El artículo 4 fracción XVI de la Ley General de Comunicación Social echa en una misma bolsa todo el paquete: “Tiempos Oficiales: Comprende tanto los Tiempos de Estado como los Tiempos Fiscales en radio y televisión”. Lo único que hizo López Obrador, porque es lo único que puede hacer por decreto presidencial sin necesidad de negociar con algún otro poder de la Unión, fue disponer que el Poder Ejecutivo no utilice los tiempos fiscales que le corresponden. Así estaba avisado y así fue cumplido.


En realidad no representa ningún tipo de apoyo económico para los medios porque además la cantidad de minutos por hora que pueden comercializar, independientemente de tiempos oficiales, también está bien delimitada por la ley y no se altera de forma alguna.

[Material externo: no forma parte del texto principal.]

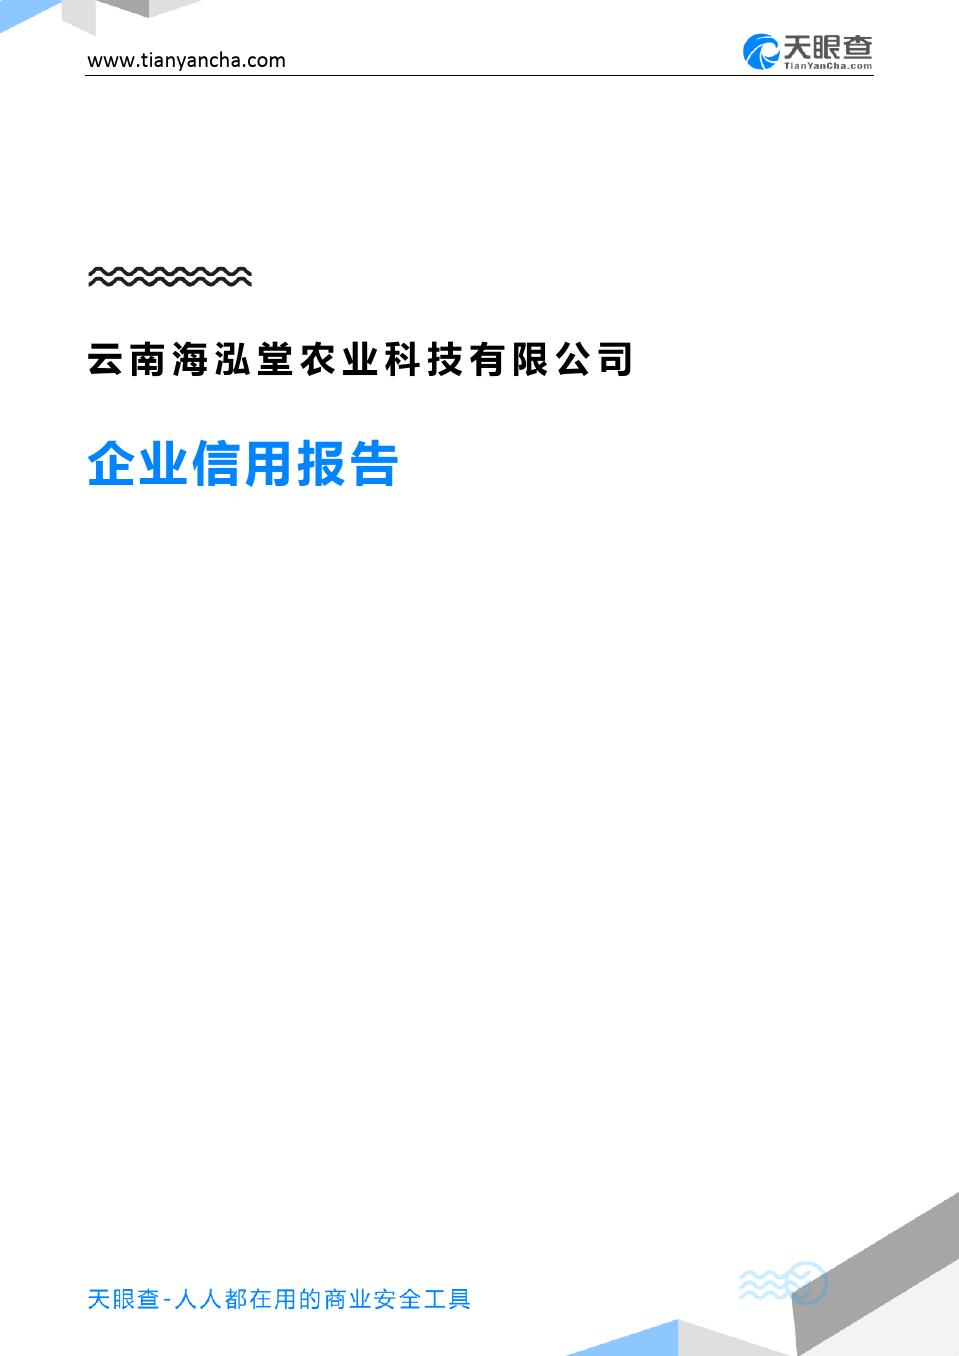 云南海泓堂农业科技有限公司(企业信用报告)- 天眼查

En este punto, la disposición del presidente de la República es más un asunto de propósito. Se espera que abra la brecha hacia la eliminación de una imposición confiscatoria, autoritaria, desproporcionada y, en rigor estricto, inconstitucional.

“Son tiempos fiscales pero es entendible, yo les llamo tiempos oficiales del Ejecutivo, eso sí es importante, es lo que corresponde al Poder Ejecutivo pero si nosotros hacemos esto, creo yo que lo van a analizar los otros poderes. Estamos hablando de los tiempos fiscales, oficiales, no le quiero llamar fiscal porque se puede pensar que es dinero, no. Por ley, nosotros disponemos de tiempos en la radio, en la televisión, esos tiempos ya no los vamos a ocupar”, dijo López Obrador el viernes 3 de abril.

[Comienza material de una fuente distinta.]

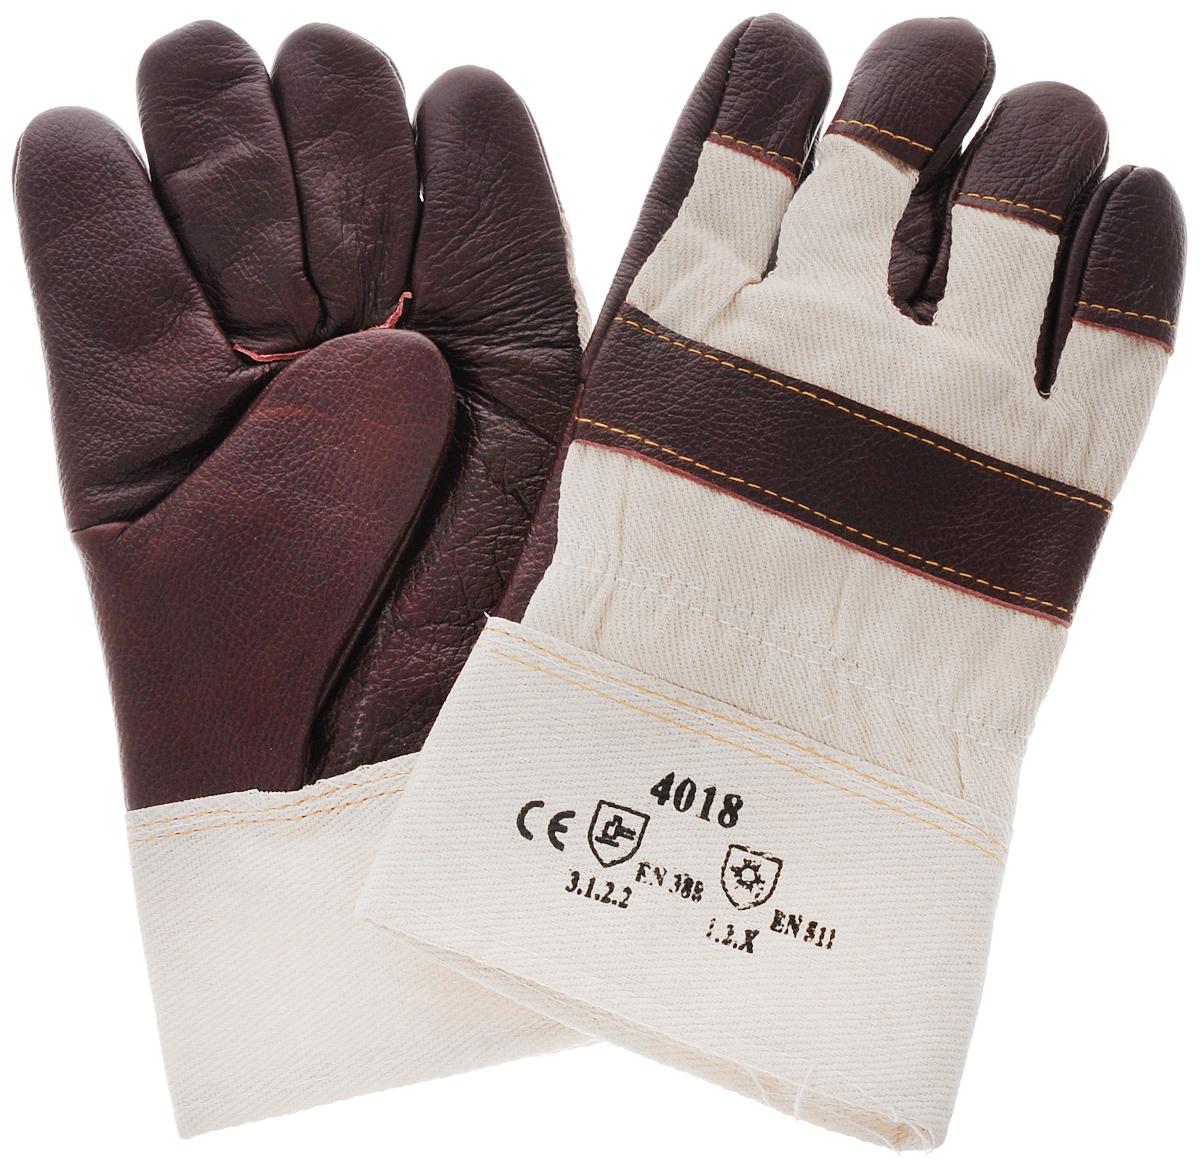 """Перчатки защитные """"Рос"""", кожаные, цвет: бежевый, бордовый"""

Su jefe de comunicación, Jesús Ramírez Cuevas, reforzó ese apunte el mismo día mediante Twitter.

El tema se había puesto sobre la mesa desde el 7 de noviembre de 2019, durante la 60 Semana Nacional de Radio y Televisión. El presidente de la CIRT, José Luis Rodríguez Aguirre, expuso con franqueza los argumentos de la industria ante López Obrador.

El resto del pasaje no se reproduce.